▶ **PROVIDED MATERIAL**

━━━━━━━━━━━━━━━━━━━━

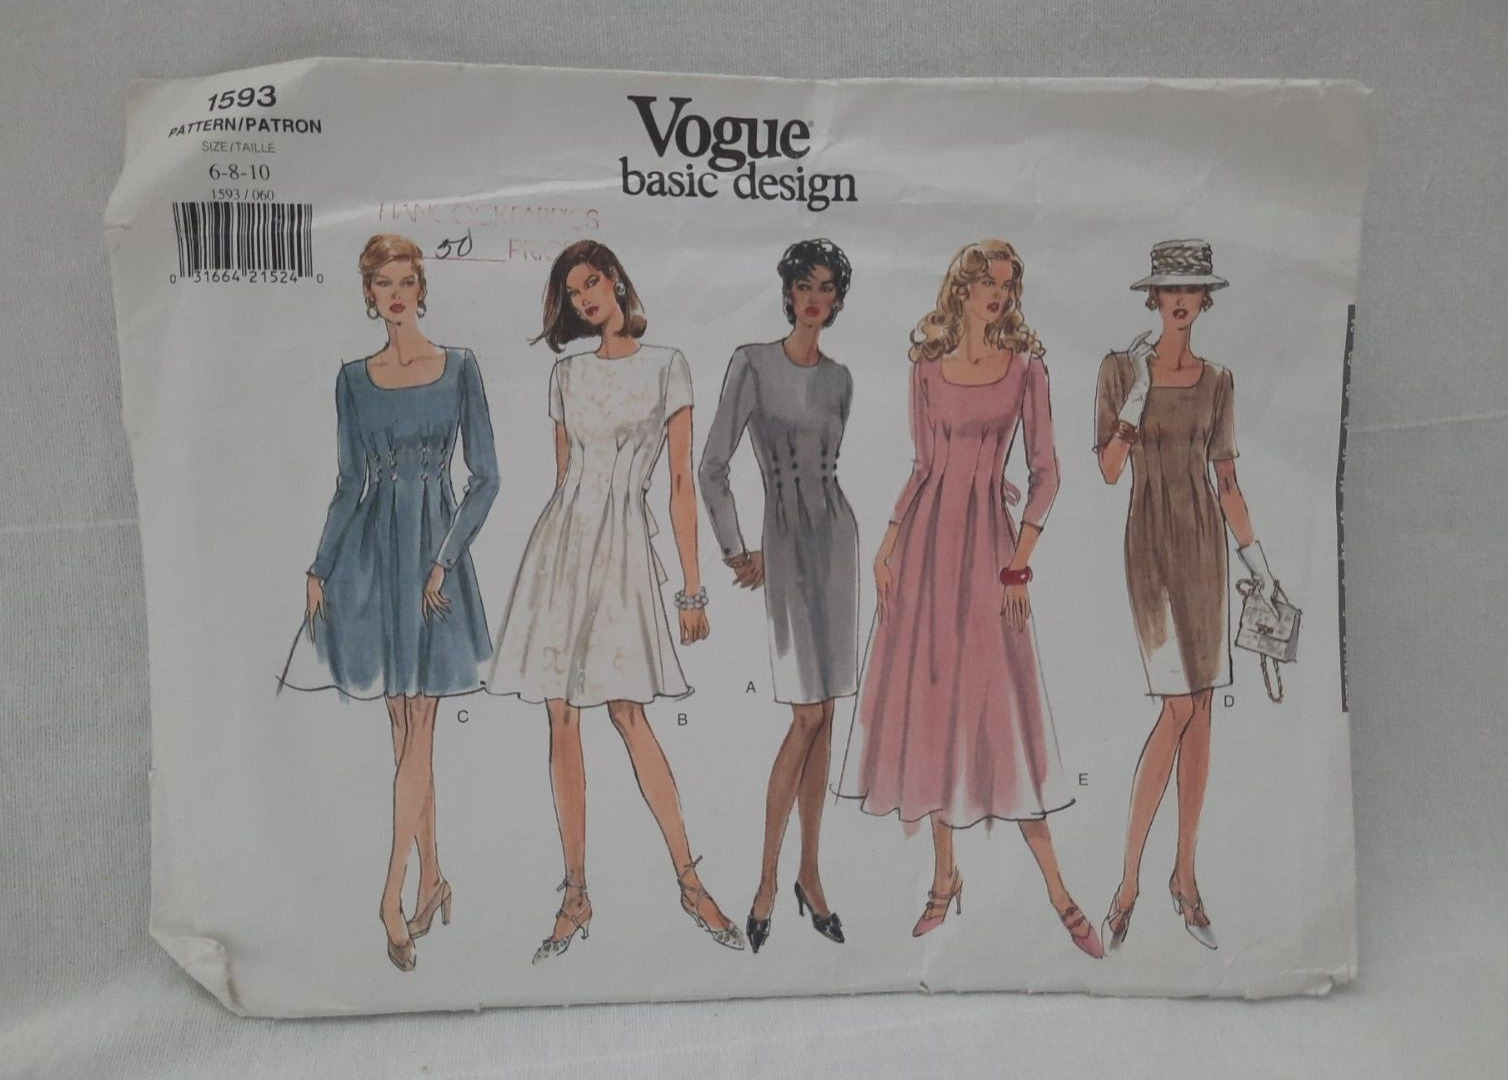 Vogue 1593 Basic Design Easy Misses\' Feminine Dress ~5 Versions ~ Sizes 6-8-10
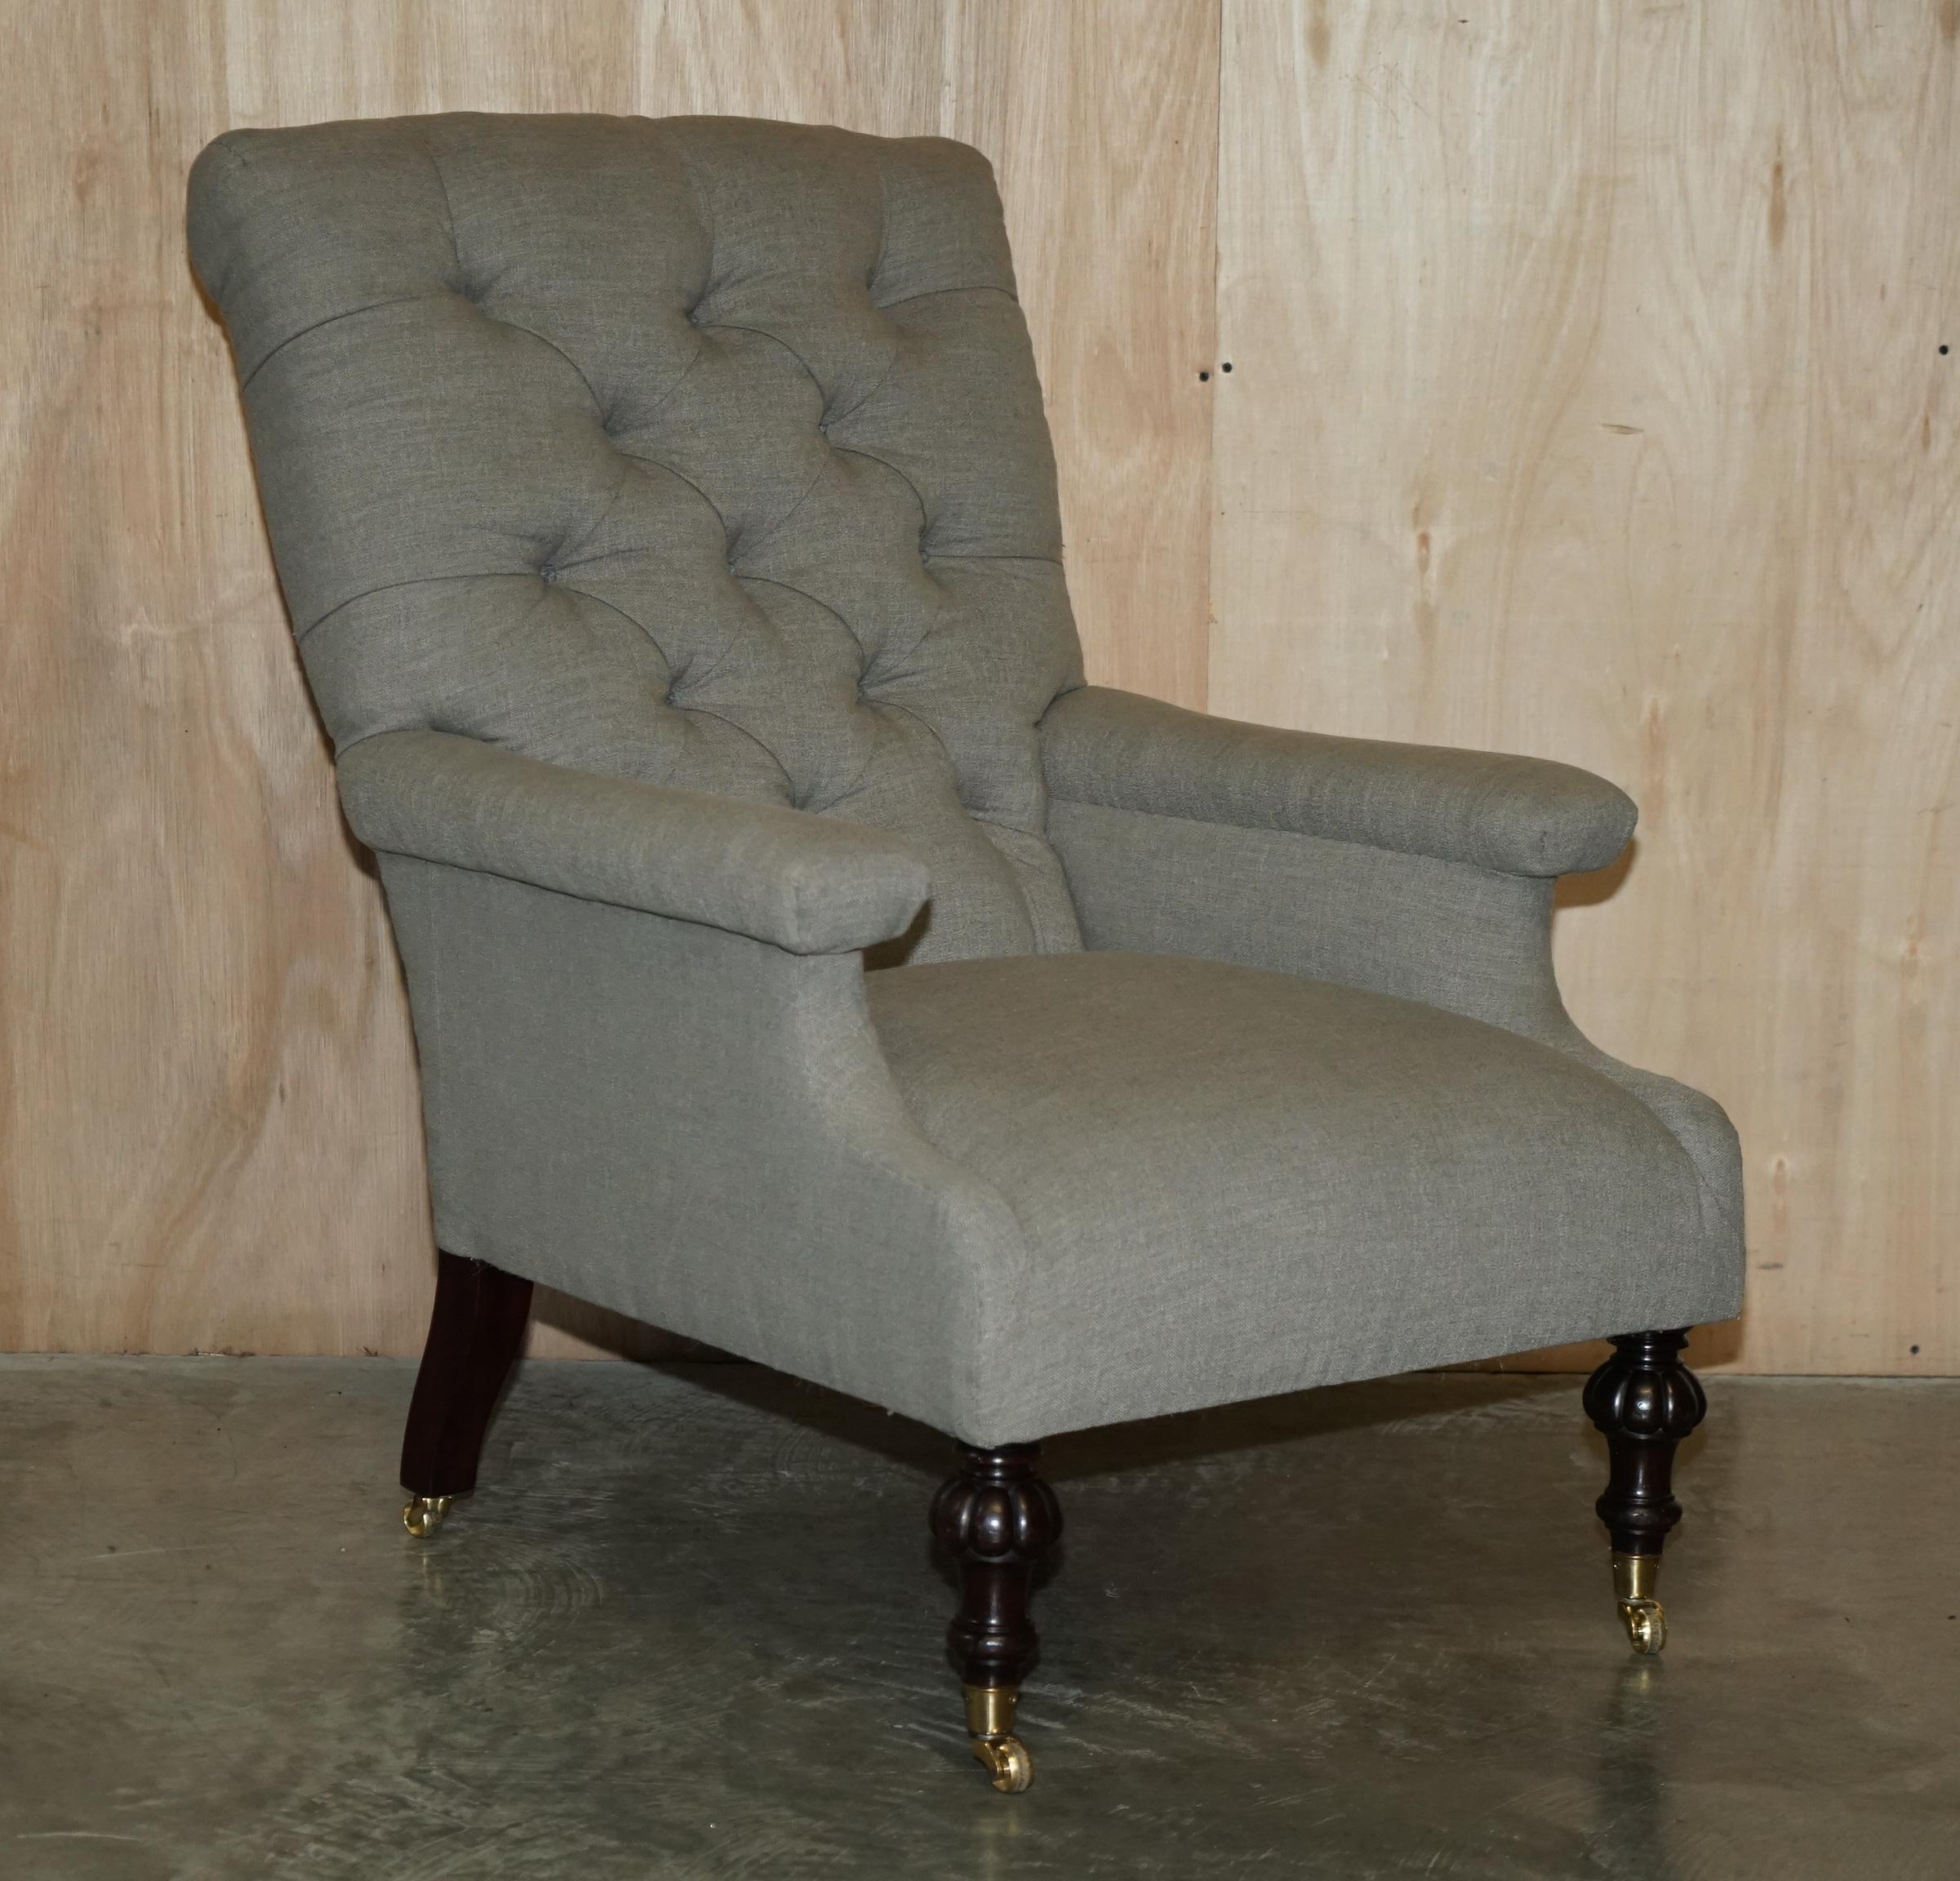 Nous avons le plaisir de proposer à la vente cette paire de fauteuils de bibliothèque très rares, estampillés William Morris & Co Edinburgh, pour elle et lui, en lin gris.

Il s'agit d'une paire de fauteuils d'époque Victorienne estampillés Morris
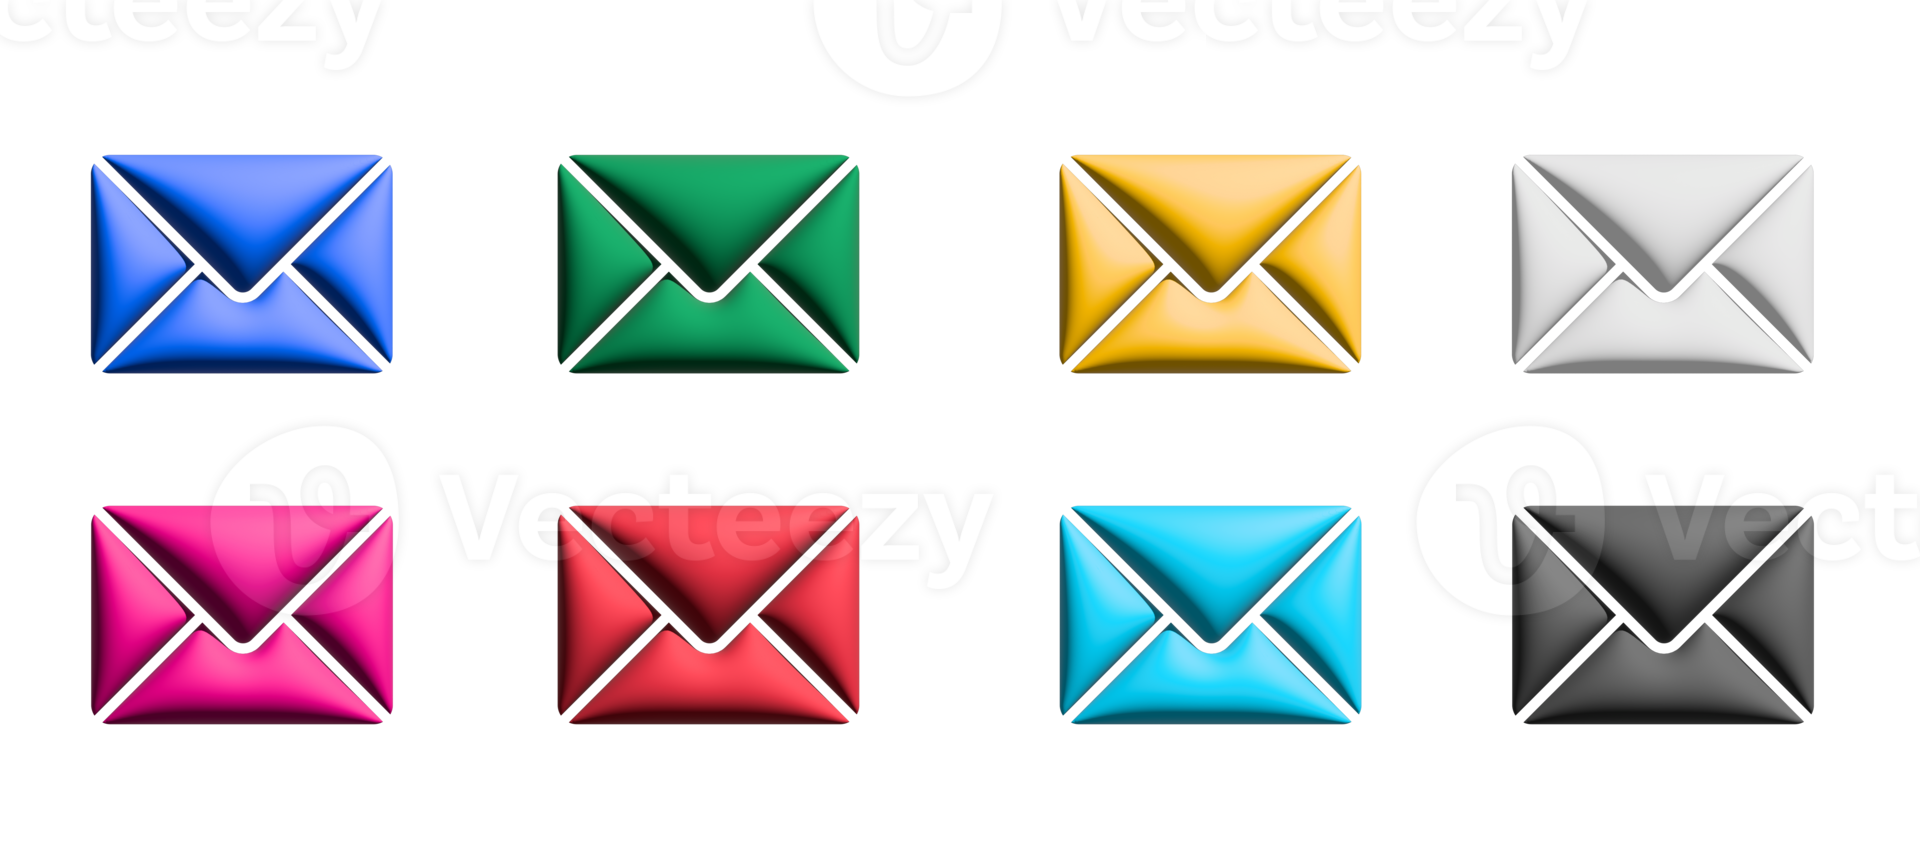 conjunto de iconos de correo electrónico, elementos gráficos de símbolos de colores png

━━━━━━━━━━━━━━━━━━━━

▶ **YOUR OBJECTIVE**
Give again, word for word, only the lines from the line containing "Nous avons le" through the last line above, both included; leave the pictures out.

▶ **SOLUTION TO THE PROBLEM**
 Nous avons le plaisir de proposer à la vente cette paire de fauteuils de bibliothèque très rares, estampillés William Morris & Co Edinburgh, pour elle et lui, en lin gris.

Il s'agit d'une paire de fauteuils d'époque Victorienne estampillés Morris
 conjunto de iconos de correo electrónico, elementos gráficos de símbolos de colores png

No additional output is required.